(Beginning of Raw data)

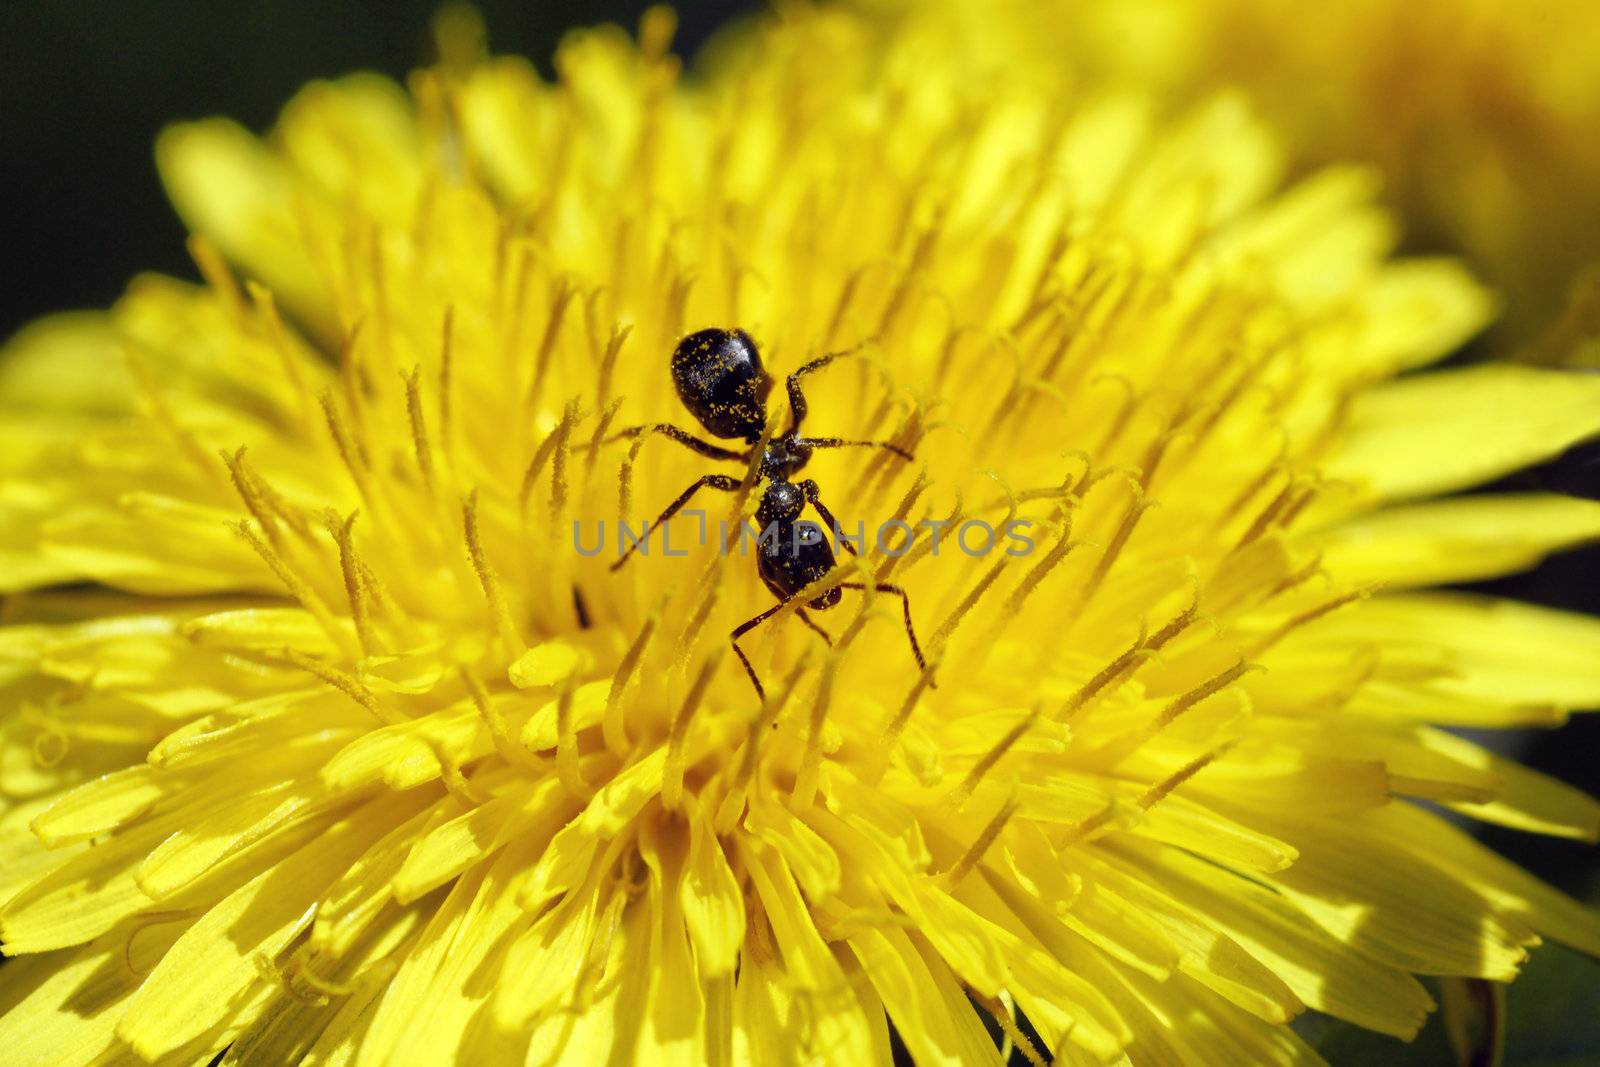 Ant feeding in dendelion flower by Mirage3
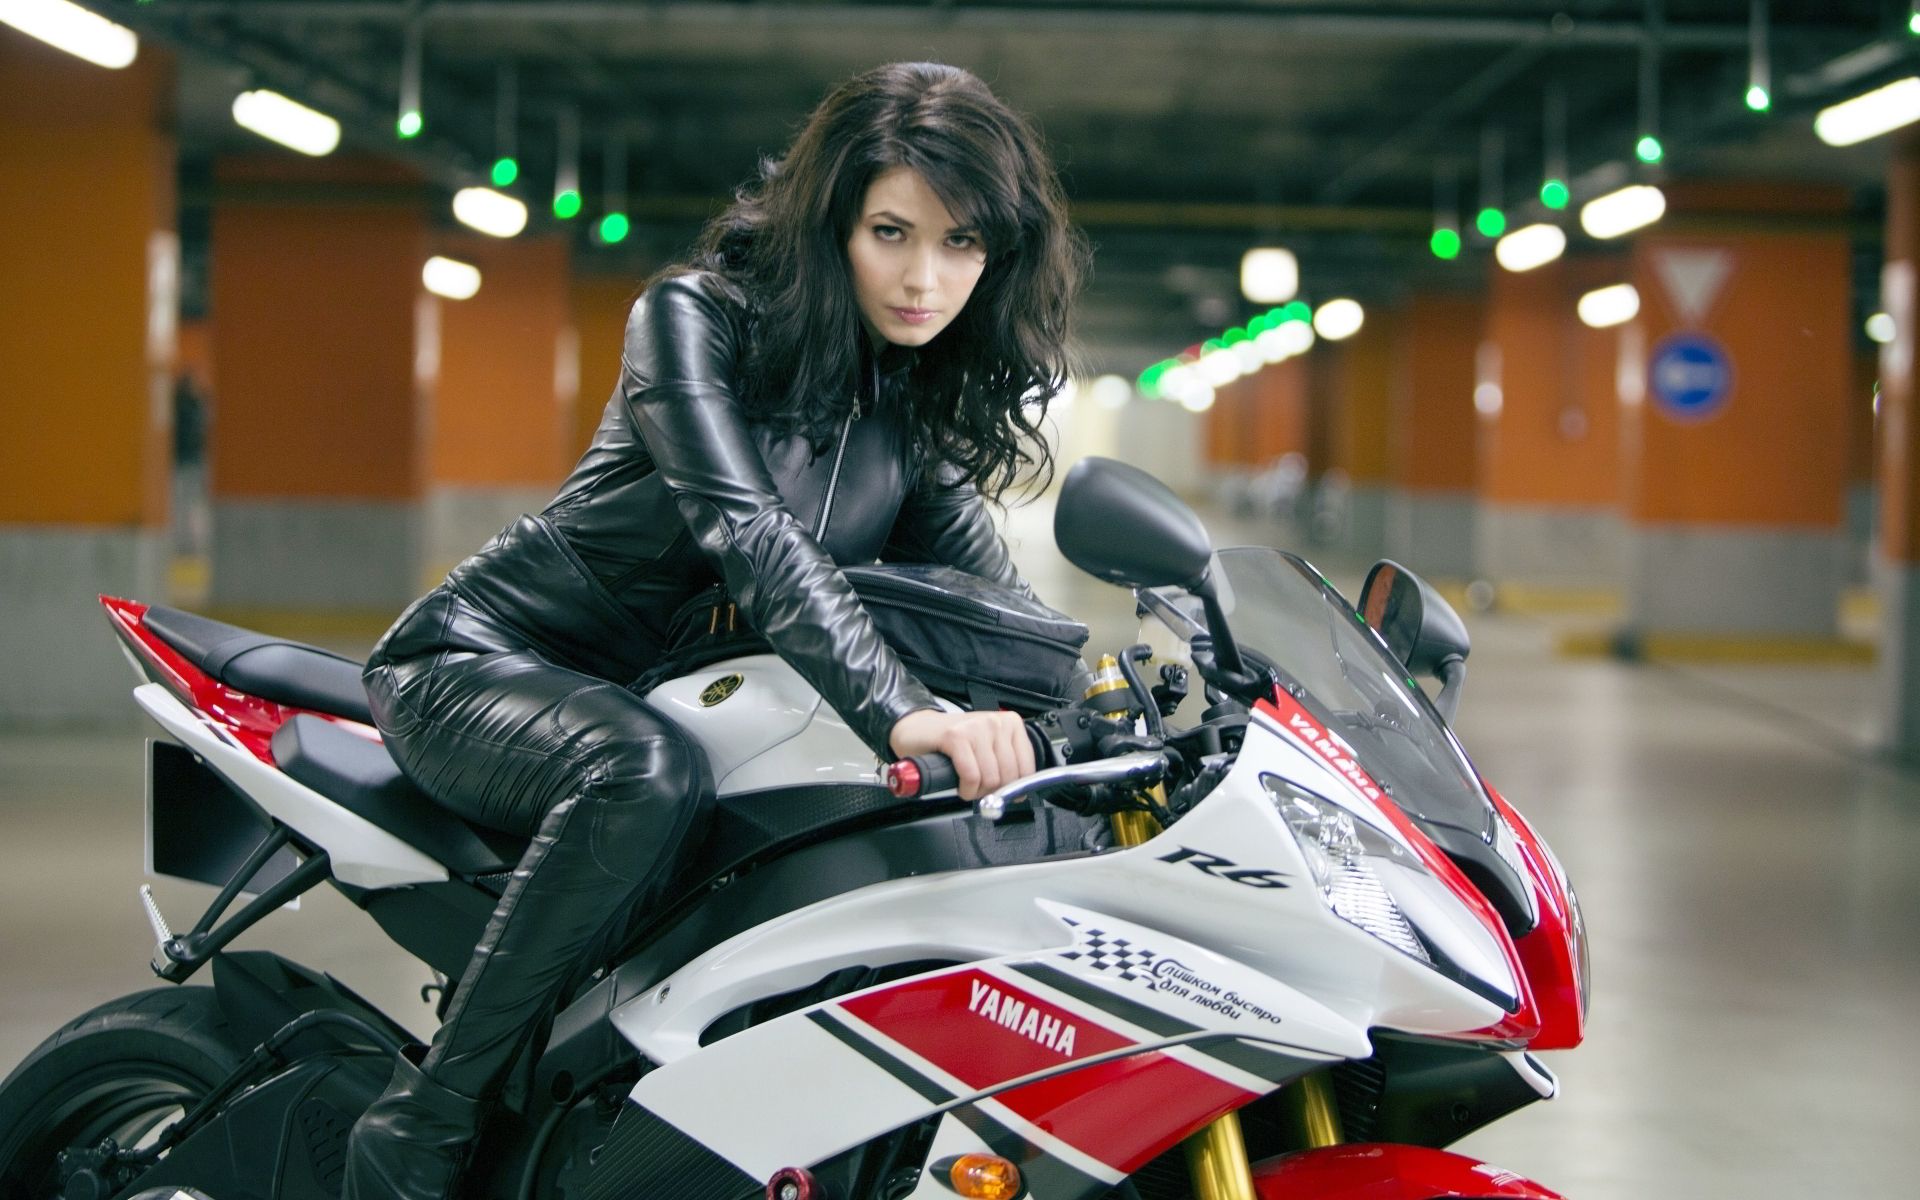 Yulia Snigir Posing on Yamaha | Bikes Wallpapers | Pinterest ...
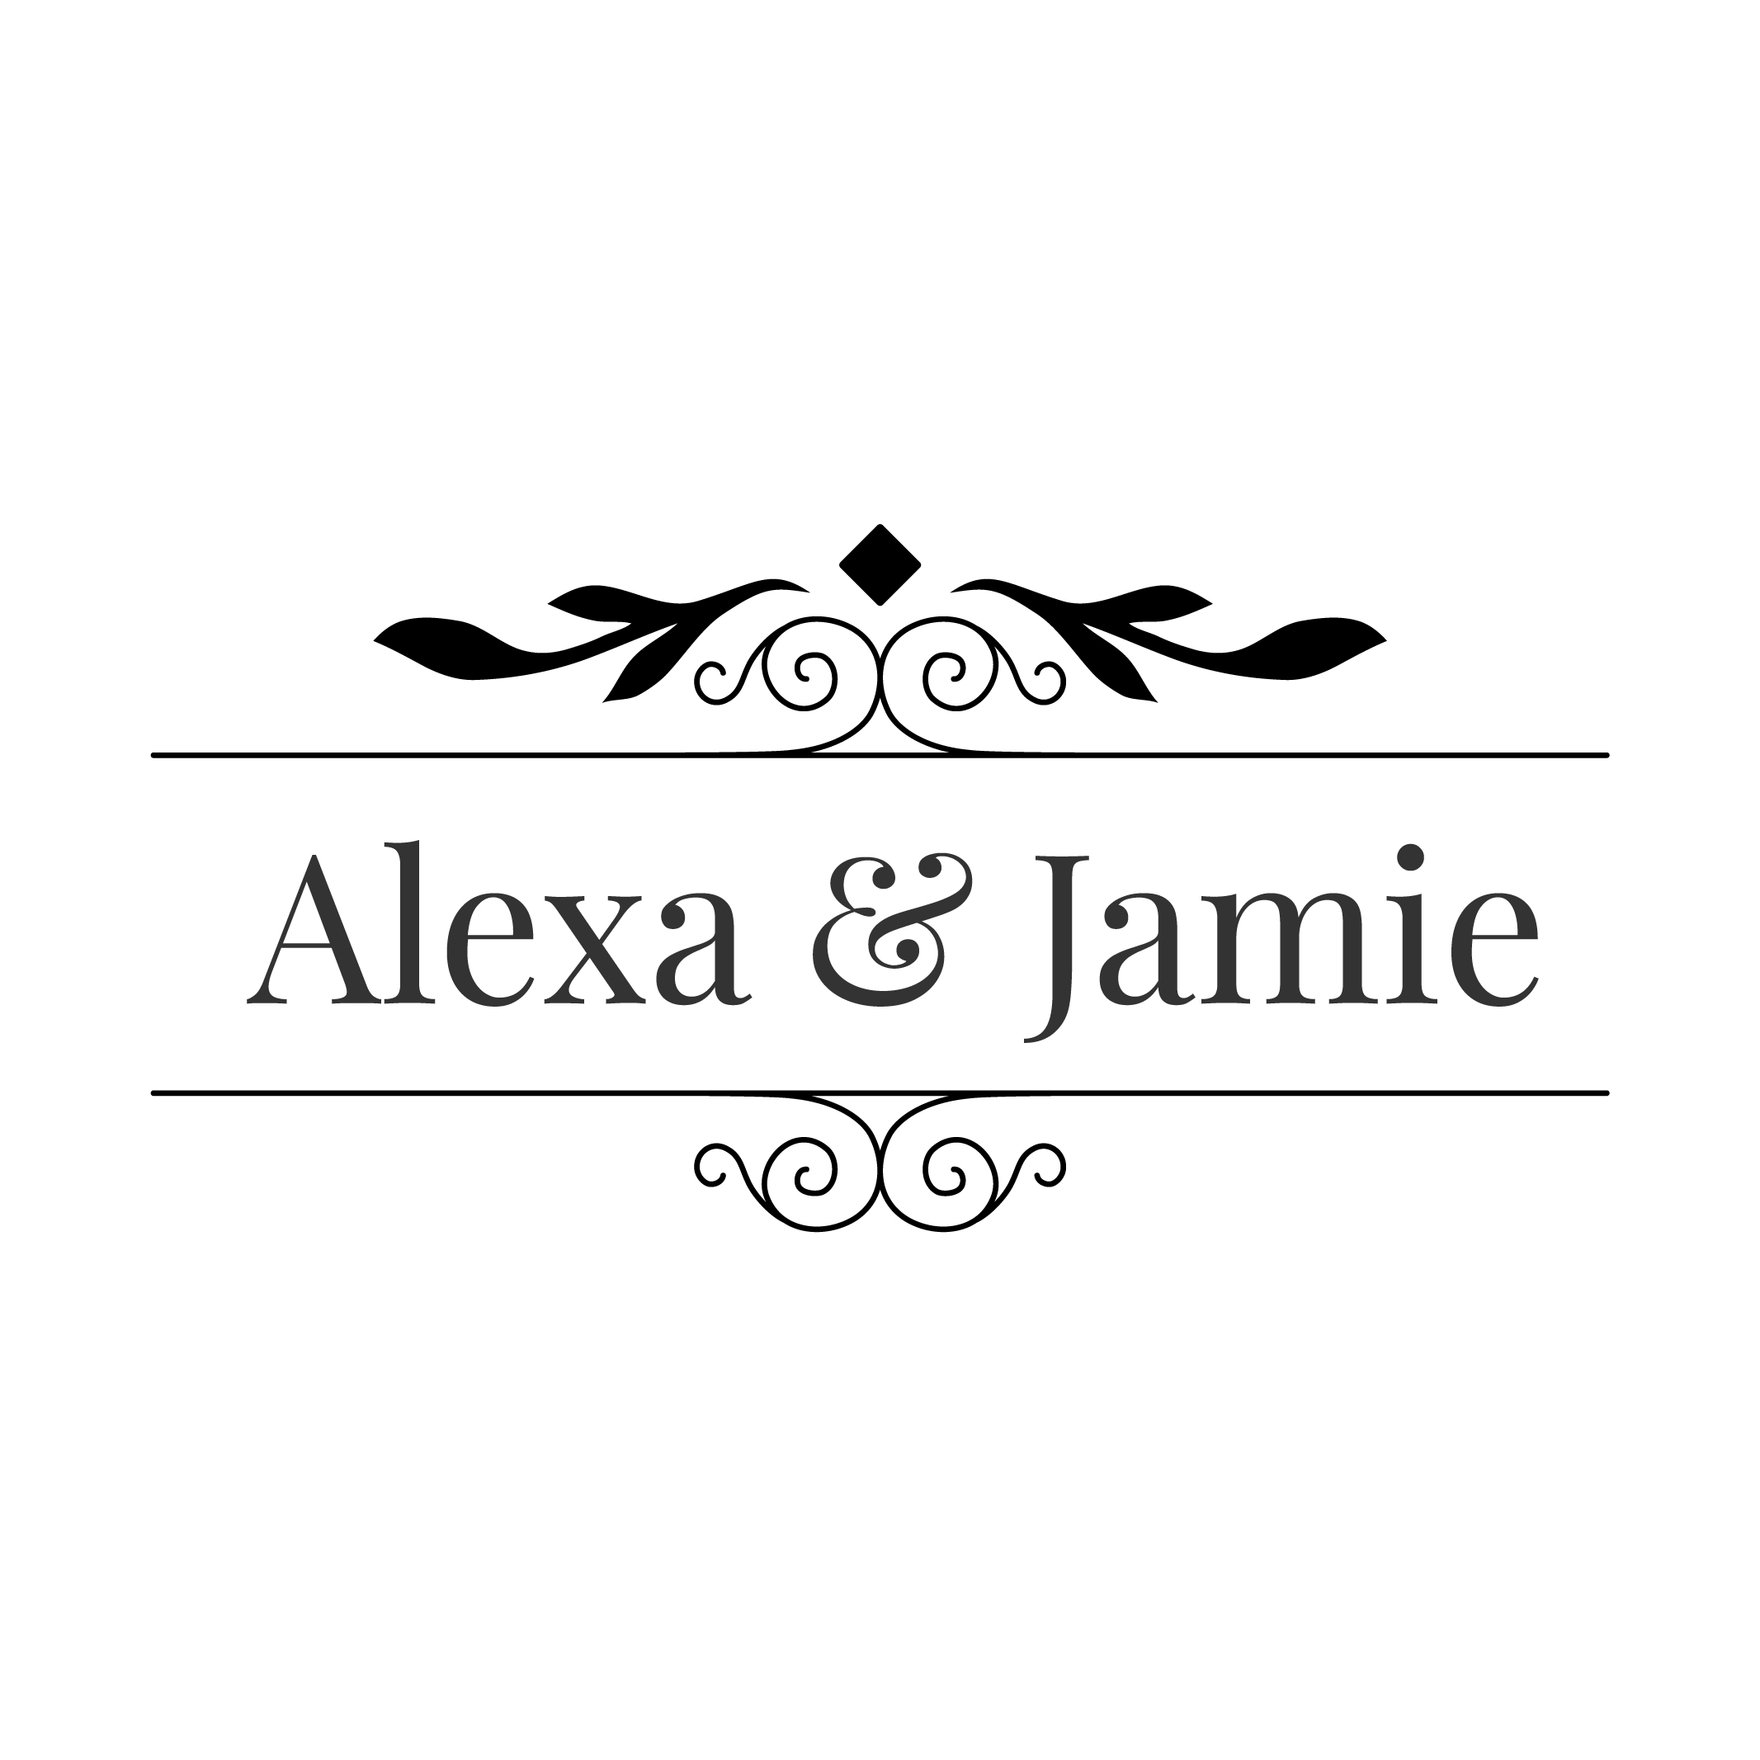 Wedding Name Silhouette in Illustrator, EPS, SVG, JPG, PNG

(End of Raw data)

#### [Exercise]
Reproduce all the data as it stands. The pictures are not part of the copy.

#### [Task solution]
 Ant feeding in dendelion flower by Mirage3
 Yulia Snigir Posing on Yamaha | Bikes Wallpapers | Pinterest ...
 Wedding Name Silhouette in Illustrator, EPS, SVG, JPG, PNG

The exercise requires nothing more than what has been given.